About this task — Start to finish, print the data below exactly, without the images.

Dataset extract —

'''

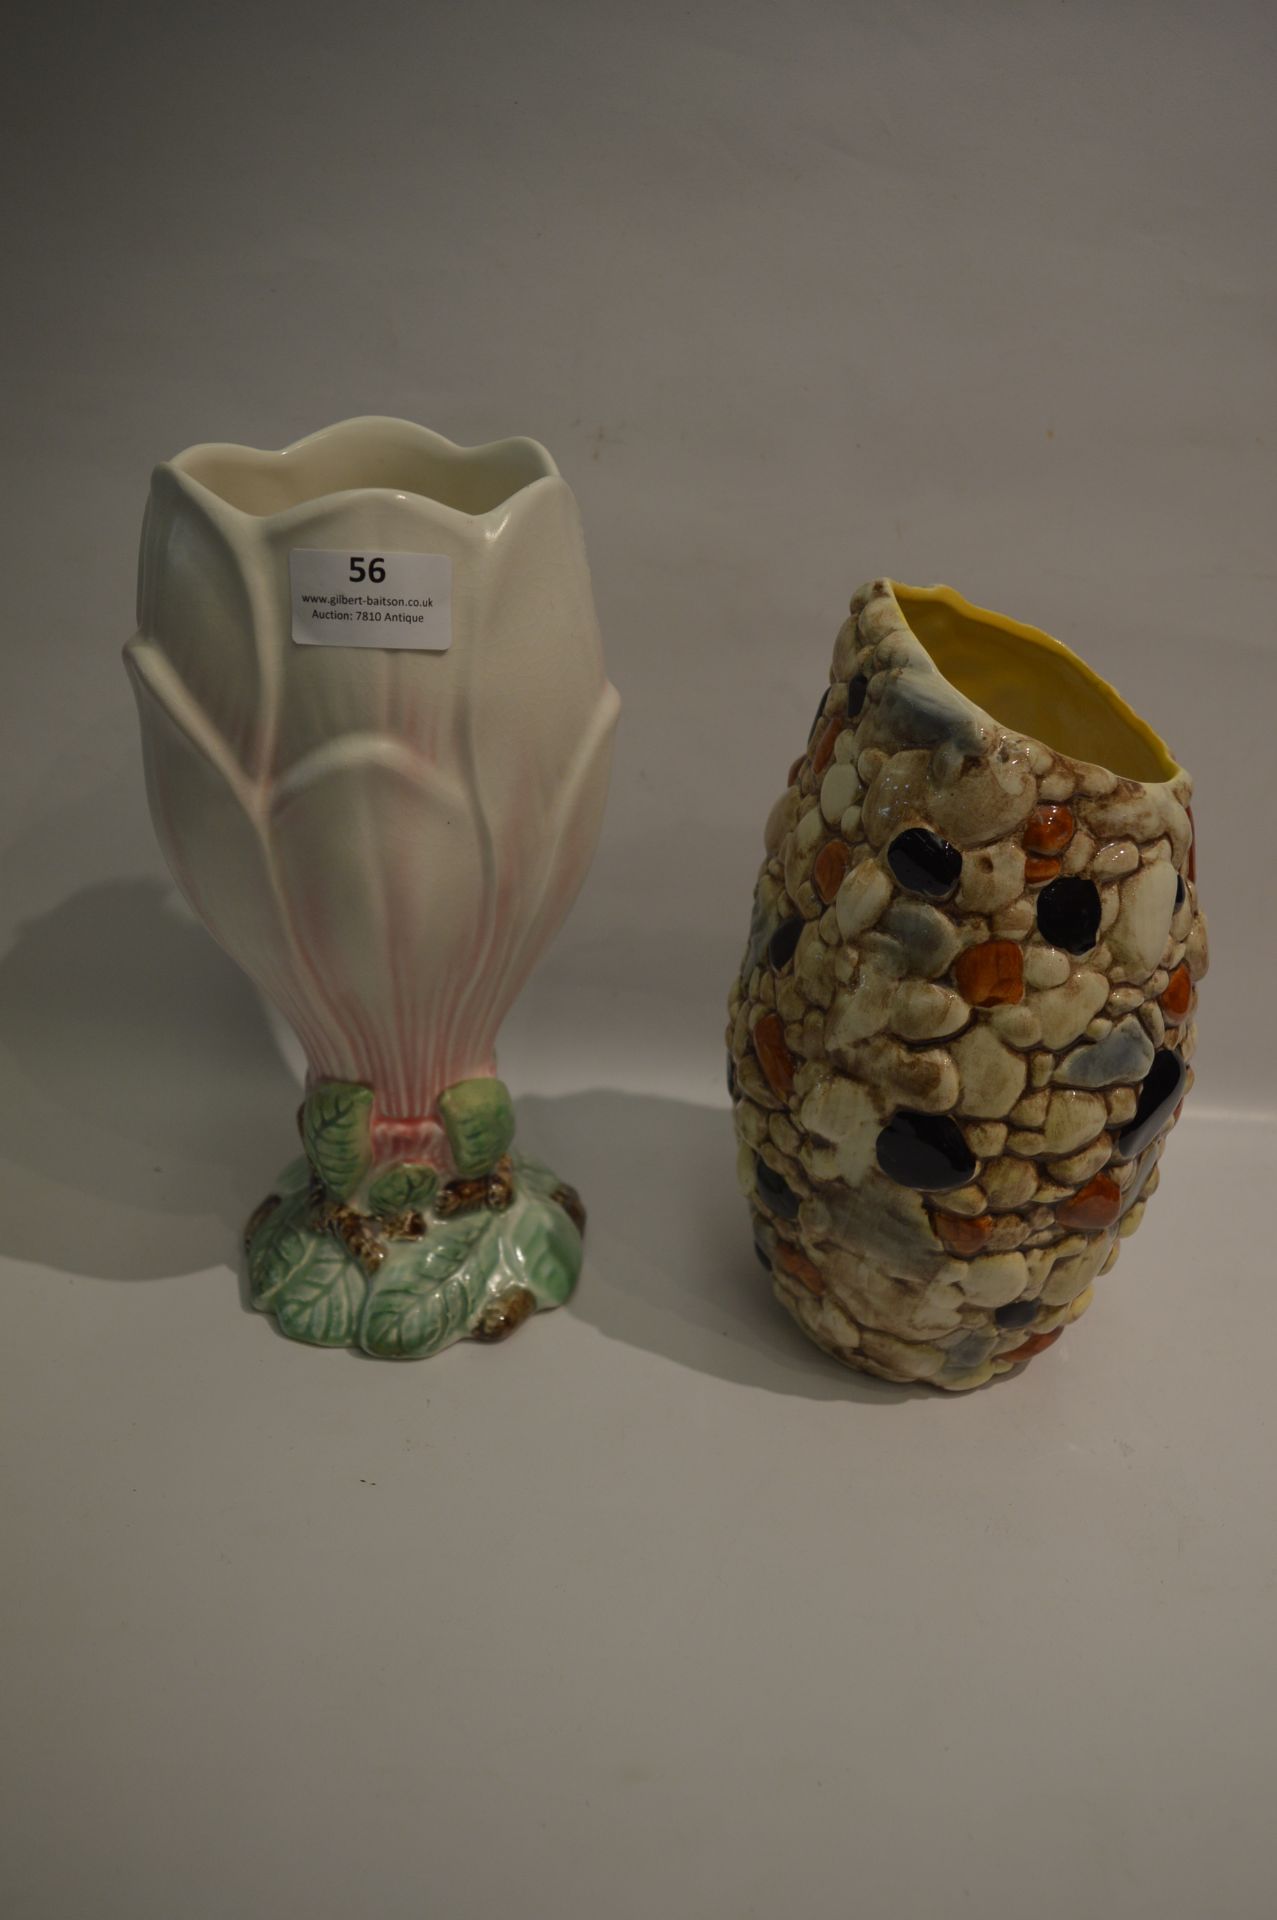 Two Sylvac Pottery Vase Flower and Pebbles
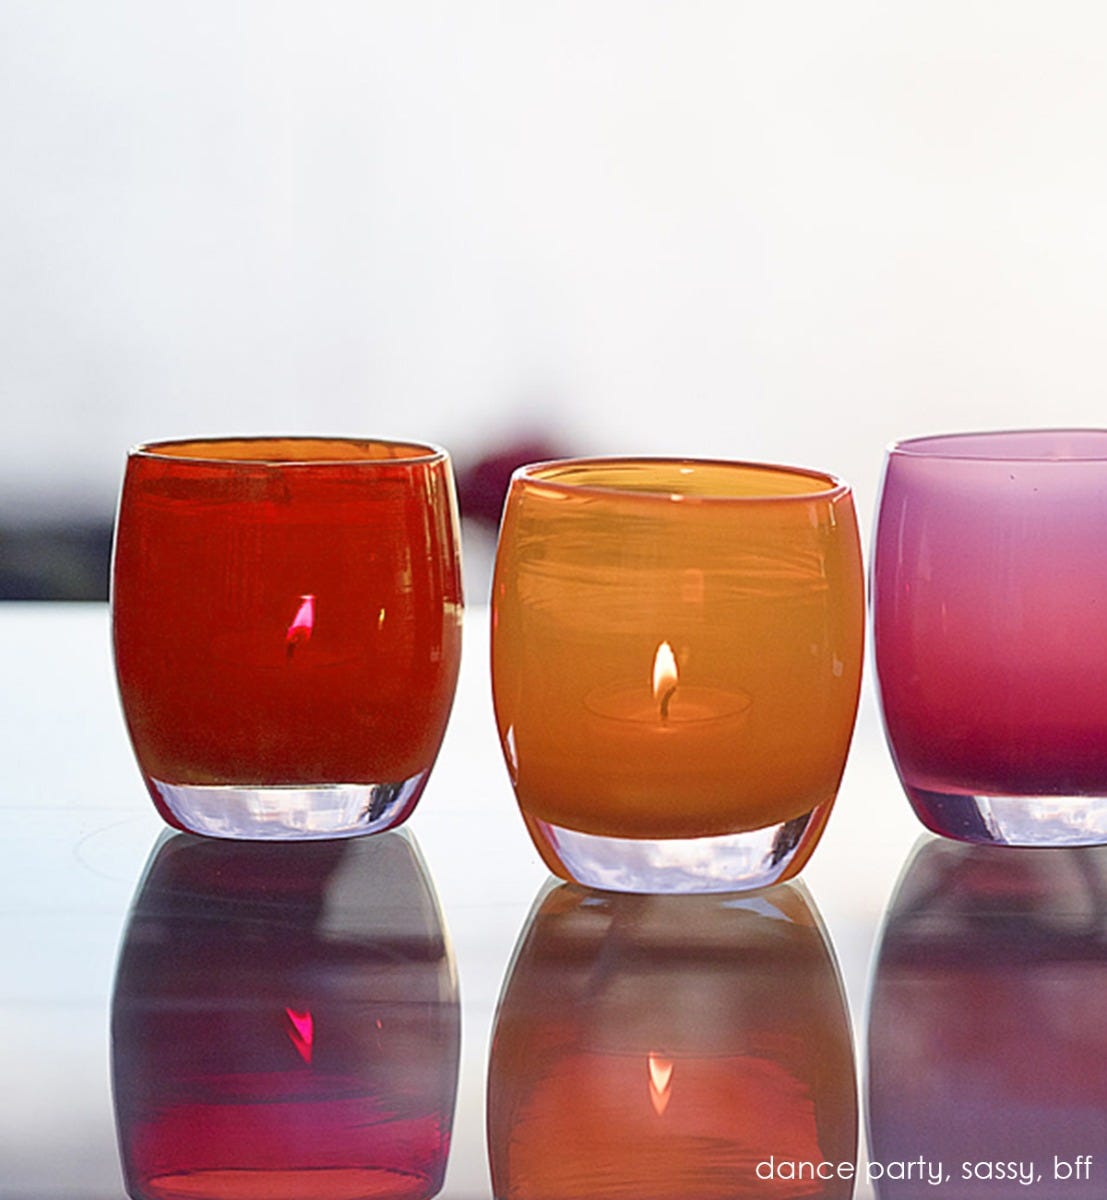 dance party ginger red, hand-blown glass votive candle holder. paired with sassy and bff
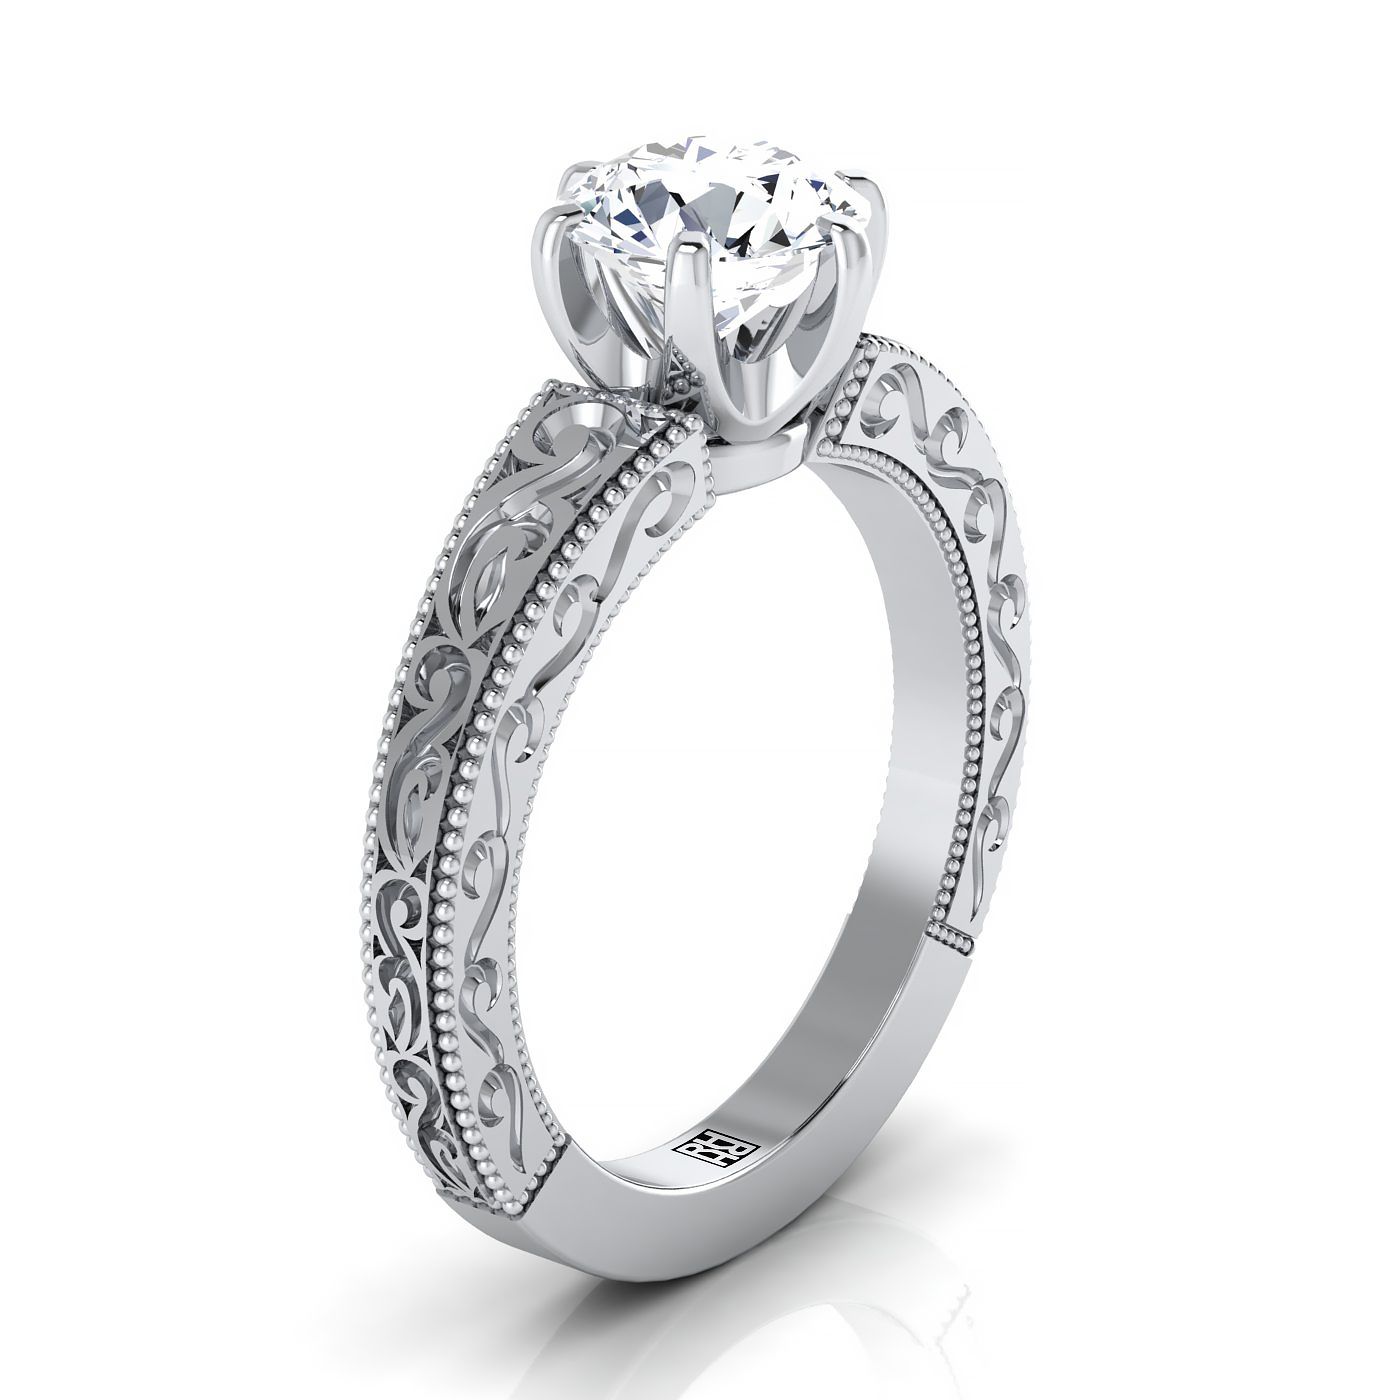 14K White Gold Round Brilliant Hand Engraved Scroll Vintage Solitaire Engagement Ring

'''

Exercise output —
 Two Sylvac Pottery Vase Flower and Pebbles
 dance party ginger red, hand-blown glass votive candle holder. paired with sassy and bff
 14K White Gold Round Brilliant Hand Engraved Scroll Vintage Solitaire Engagement Ring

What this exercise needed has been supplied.